◆ THE PROBLEM ◆
In the listing below, locate the line with "Pose de lino" and the line with "Cykel Orust-Slussen Pensionat", then output both and everything between them exactly, minus any pictures.

◆ GIVEN DATA ◆
◆ ◆ ◆ ◆ ◆ ◆ ◆
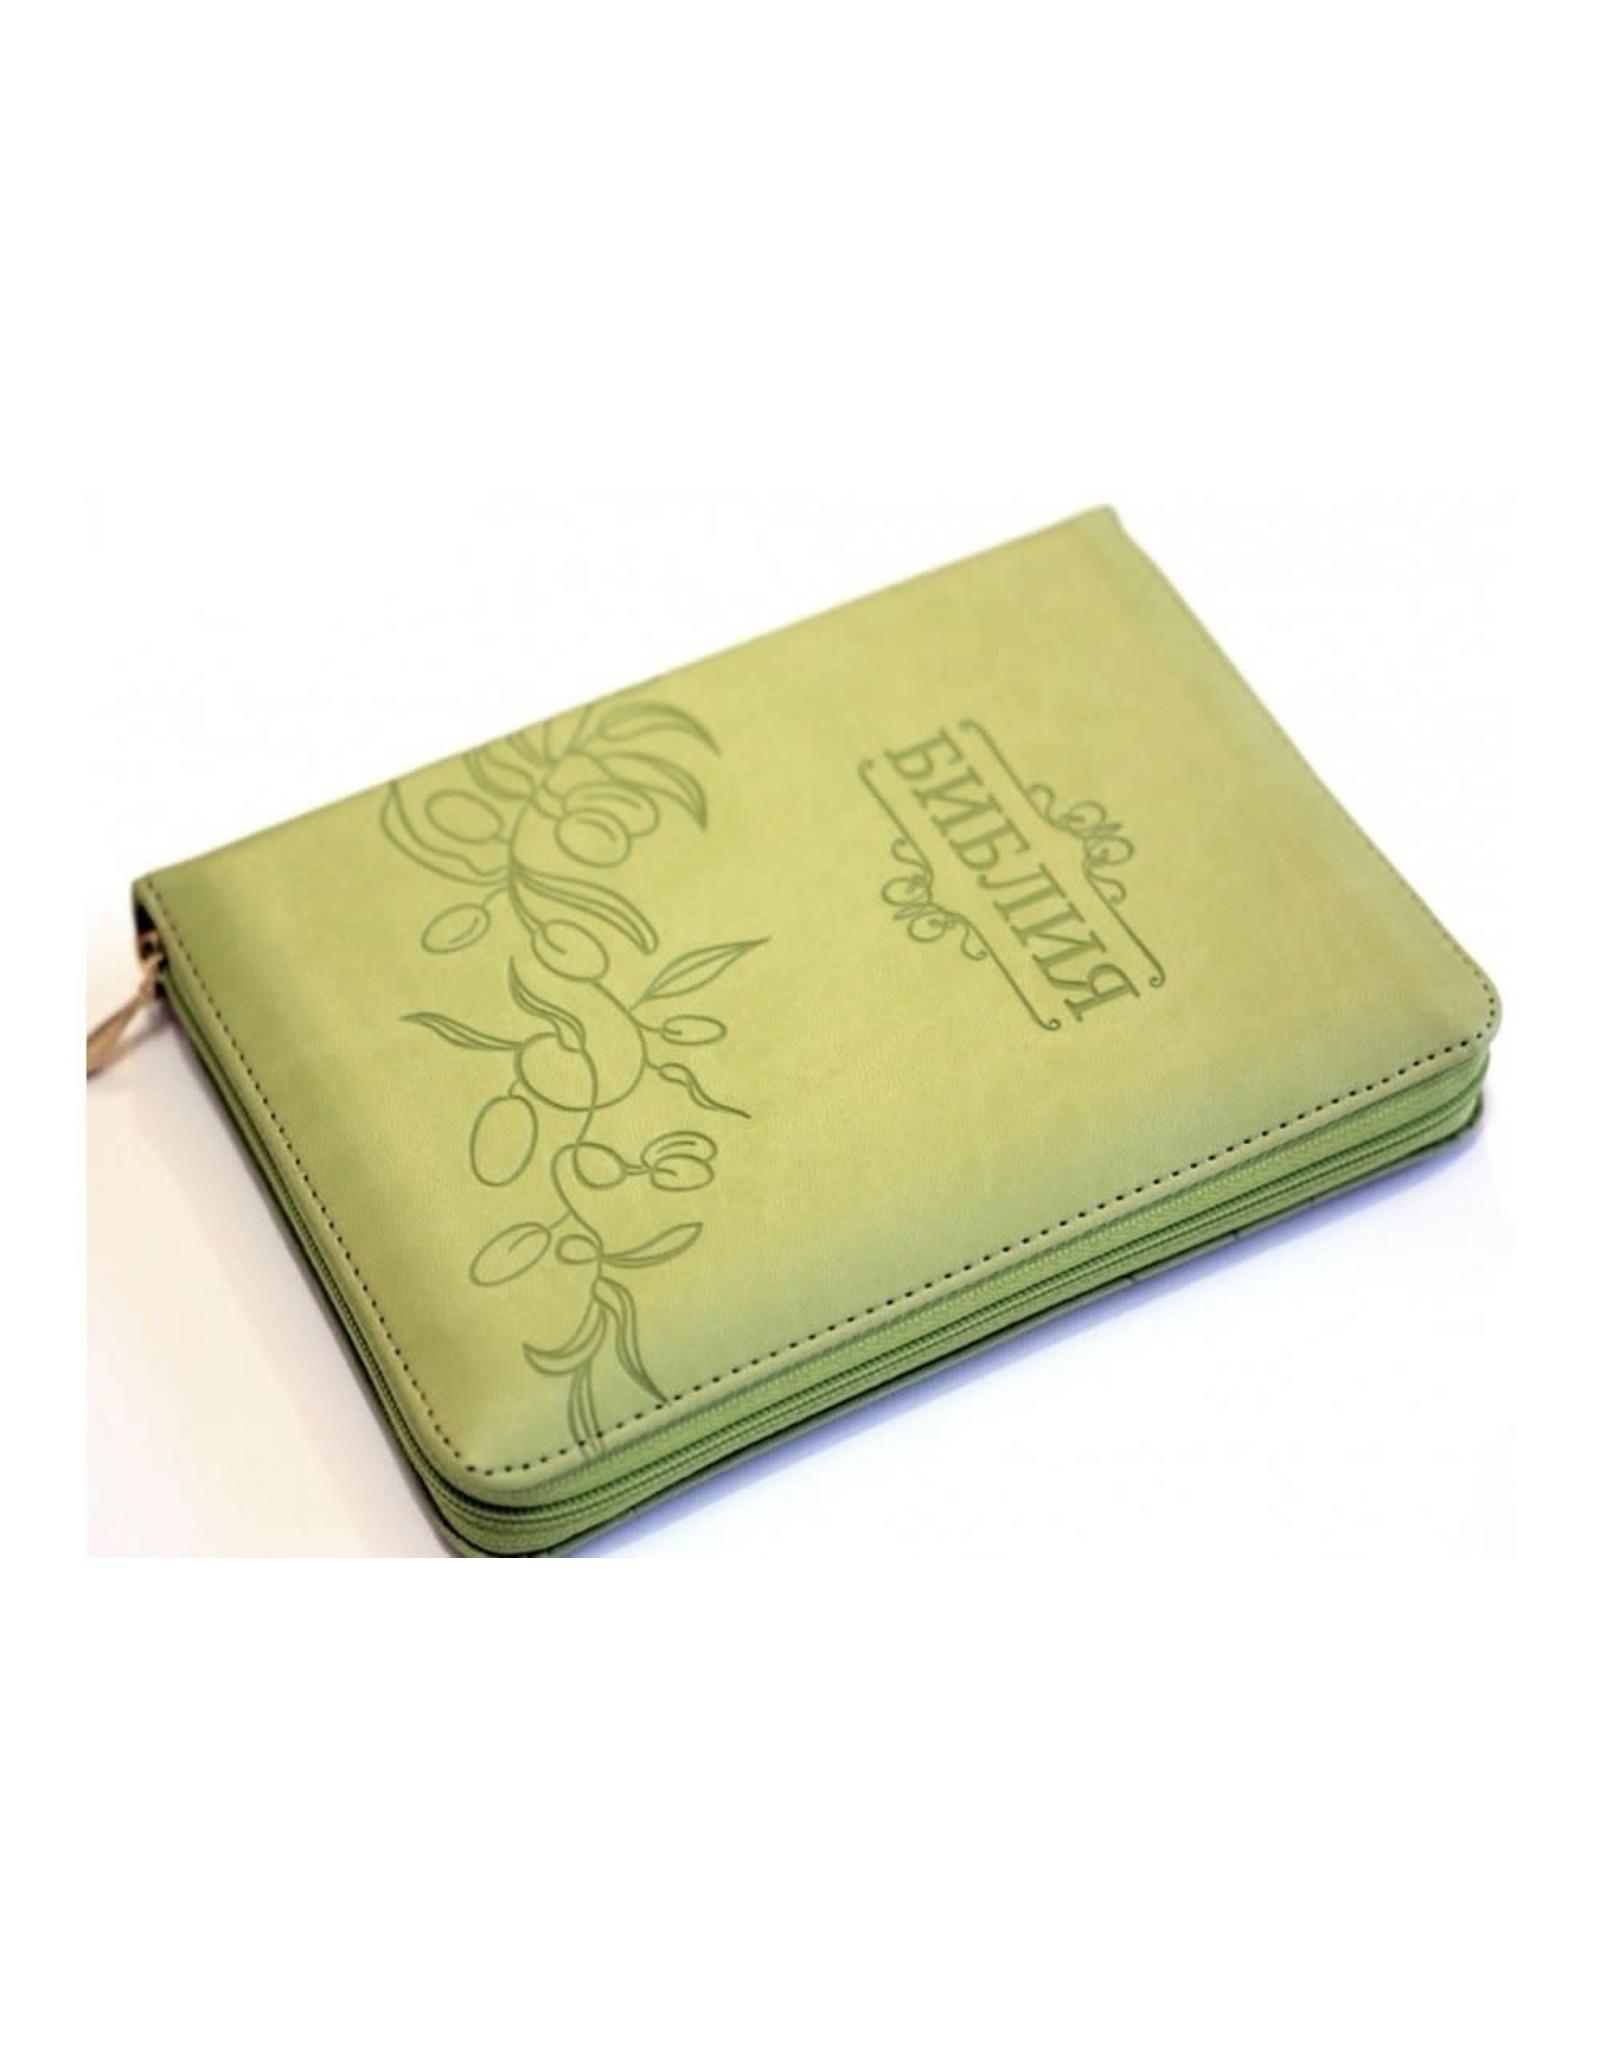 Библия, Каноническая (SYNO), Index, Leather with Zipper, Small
◆ ◆ ◆ ◆ ◆ ◆ ◆
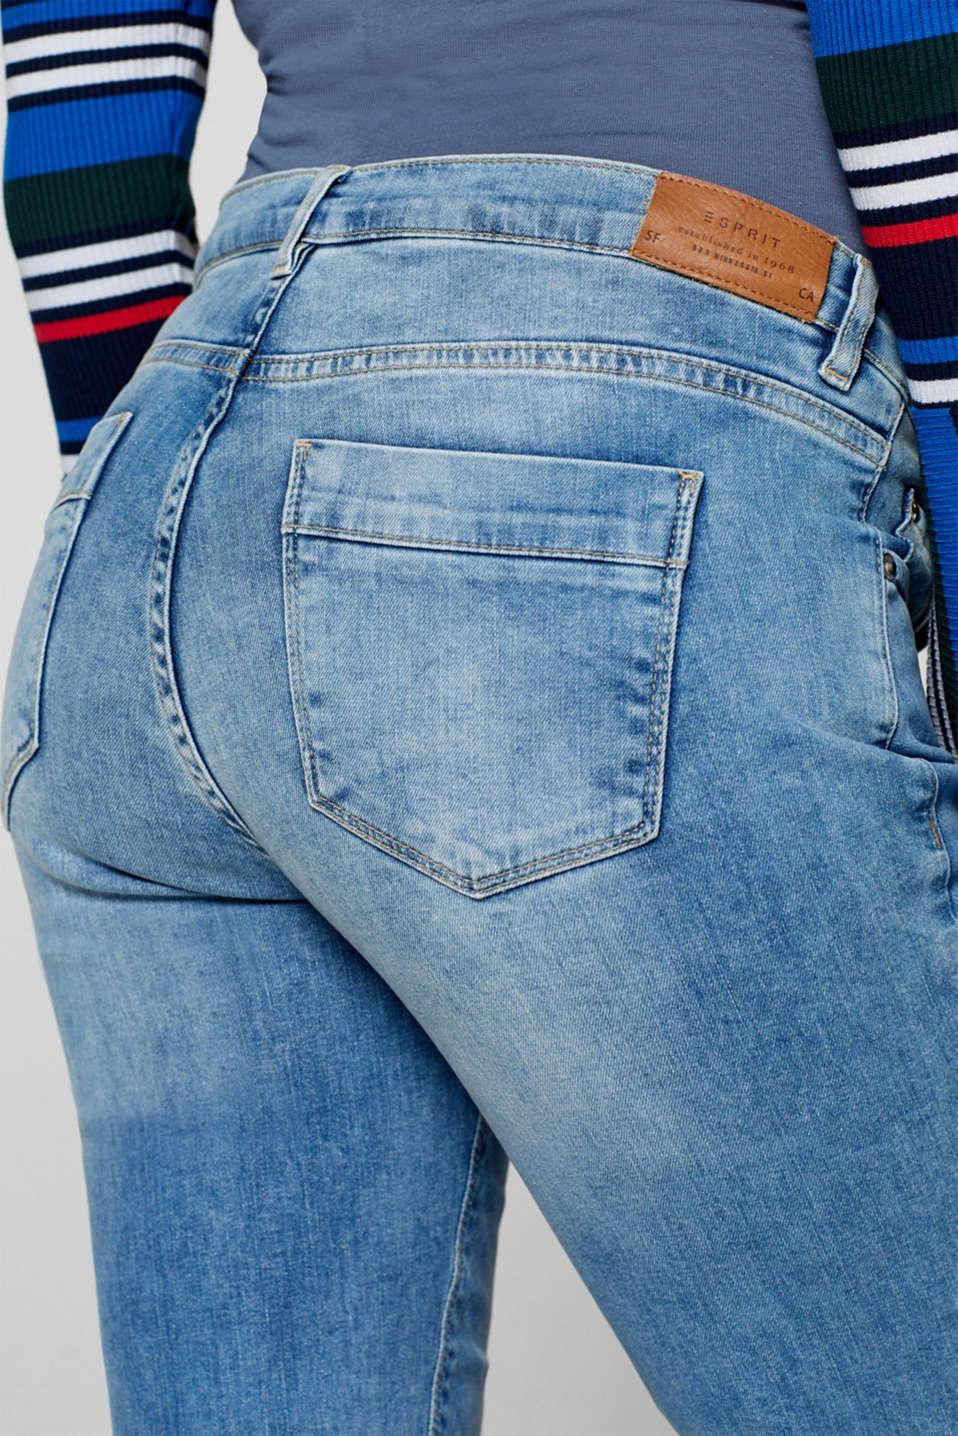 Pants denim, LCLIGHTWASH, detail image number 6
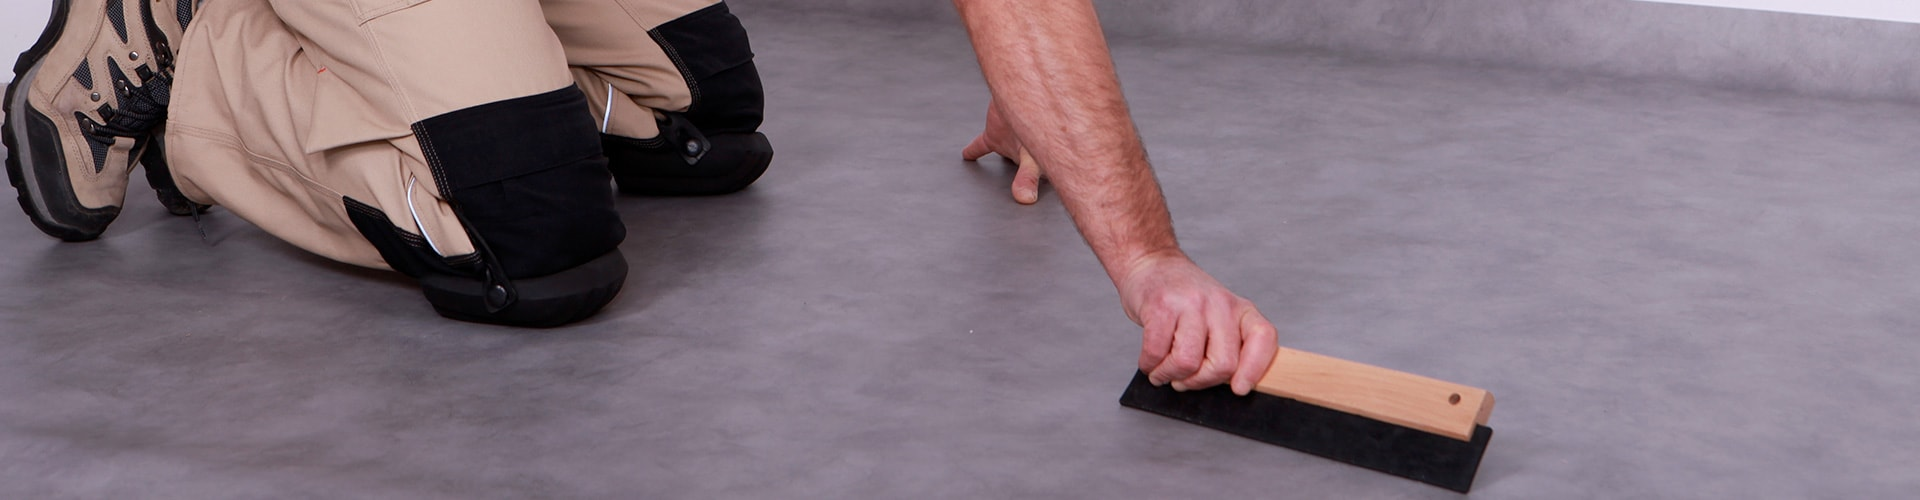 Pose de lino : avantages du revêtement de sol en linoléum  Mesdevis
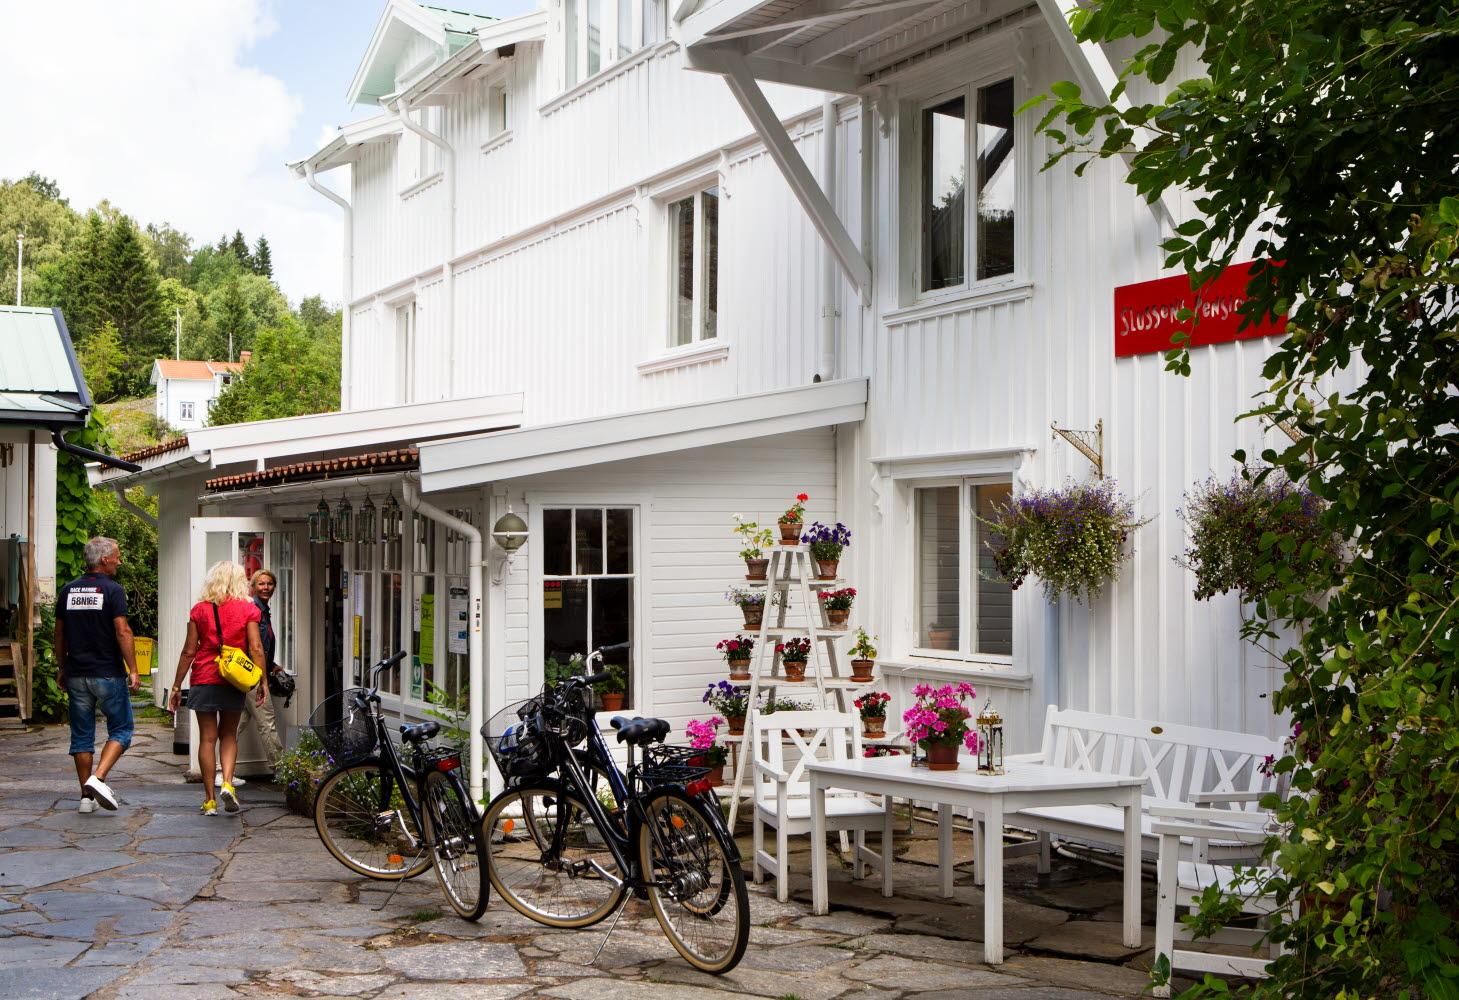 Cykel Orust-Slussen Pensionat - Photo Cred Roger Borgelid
◆ ◆ ◆ ◆ ◆ ◆ ◆
◆ WRITTEN RESPONSE ◆
 Pose de lino : avantages du revêtement de sol en linoléum  Mesdevis
 Cykel Orust-Slussen Pensionat - Photo Cred Roger Borgelid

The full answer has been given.